К обеду иноходец был уже в мыле, и выбежавшая на дорогу бабушка, простоволосая, распаренная, красная после стояния у печки, велела нам дать коню передых. Дядя послушно завел каурого во двор, выпряг его, дал овса и сена, позже напоил из ведра, а к вечеру мы опять выехали на улицу и катали уже других девок. Если сталкивались посредине улицы две подводы, парни соскакивали и по-нарошному затевали драку, требуя уступить дорогу, а затем шумно мирились, распивали на холоде бутылку, и снова звенели бубенцы под дугой, дробно переговаривались железные горошины в круглых шаркунцах, и во всех окраинах села допоздна играли гармонии и пели песни...

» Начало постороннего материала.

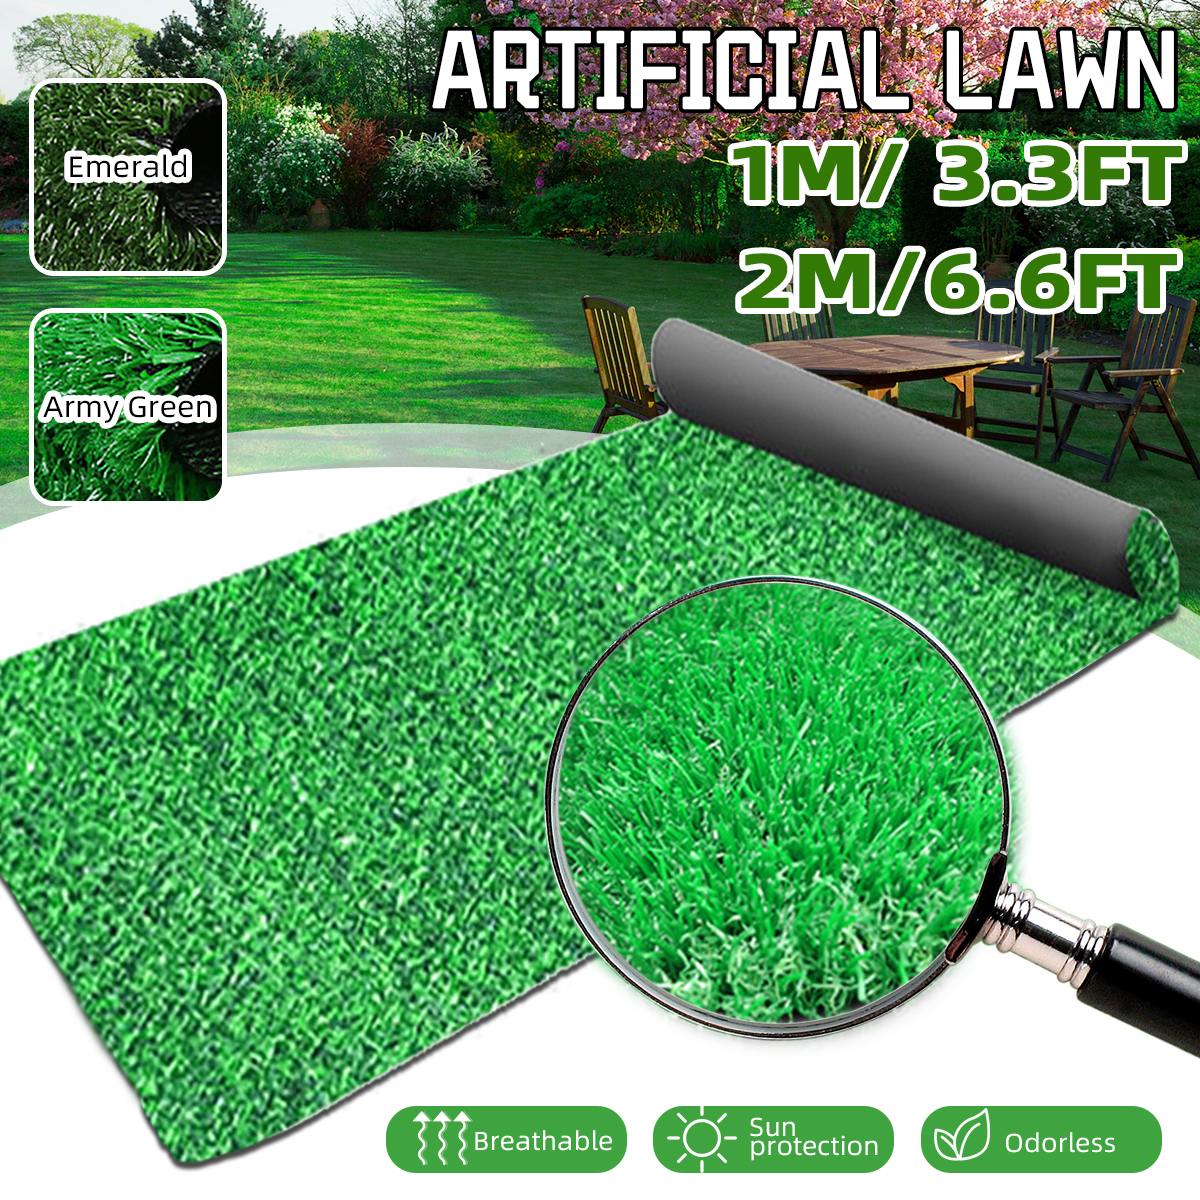 Artificial-Lawn-Turf-Grass-Artificial-Lawn-Carpet-Simulation-Outdoor-Green-Lawn-for-Garden-Patio-Lan-1789361-1

За два дня до масленой дядя Сидор потащил меня на чью-то свадьбу, и это продолжалось чуть ли не всю неделю, потому что свадьбы у семейских играются чаще всего на масленой. Для любителей выпить на дармовщину наступало раздолье: всякий, кто хотел поздравить жениха и невесту, имел право зайти в избу, а жених обязательно встречал его с подносом у порога, как дорогого гостя, и, выпив с десяток рюмок водки или чистого самогона, варившегося из отборной ярицы, или, по-нонешнему, ржи, мужик едва добирался до своего дома... Зачем дядя Сидор водил меня на свадьбы, мне и сейчас невдомек, может быть, развлечения ради, или для того, чтобы опрокинуть у порога полную рюмку, вытереть кулаком красные губы, закусить соленым огурцом или квашеной капустой, повеселиться самому. Когда поднос совали мне, я отмахивался, кричал: нет, не хочу!— и вся изба сотрясалась от смеха. У меня рябило в глазах от ярких цветастых сарафанов, и текучих лент, и сверкания бус, стекляруса и бисерного инея на кичках. Я глох от песен, гомона, звона посуды, топота сапог и ботинок по некрашеному полу, оранжевому от песка, скрипевшего под ногами, как снег. Свадебная эта карусель осталась в моей памяти на всю жизнь, и теперь я благодарен дяде, что он таскал меня на эти веселые и хмельные сборища вопреки причитаниям бабушки Ульяны, оберегавшей меня от дурных привычек и бесстыдного озорства частушек и, наконец, просто от дурного сглаза.
Дед тоже шатался по свадьбам, и там, где он появлялся, веселье взрывалось еще пуще, и заманить старика Абакуху считалось большой удачей, не говоря уже о том, что многие свадьбы игрались по его почину, потому что он подыскивал с большим умением невесту для жениха.
Когда схлынула свадебная кутерьма, дед сходил в баню, вышиб веником винный дух, затем, привычно обмотав голову полотенцем, подсел к самовару и пил без счету одну чашку чая за другой, исходя крупным зернистым потом. Затем ложился на кровать, лежал тихий и задумчивый, слушал мои рассказы о нашей жизни в Никольском, о судьбе уполномоченного, о том, как снимали колокол с церкви.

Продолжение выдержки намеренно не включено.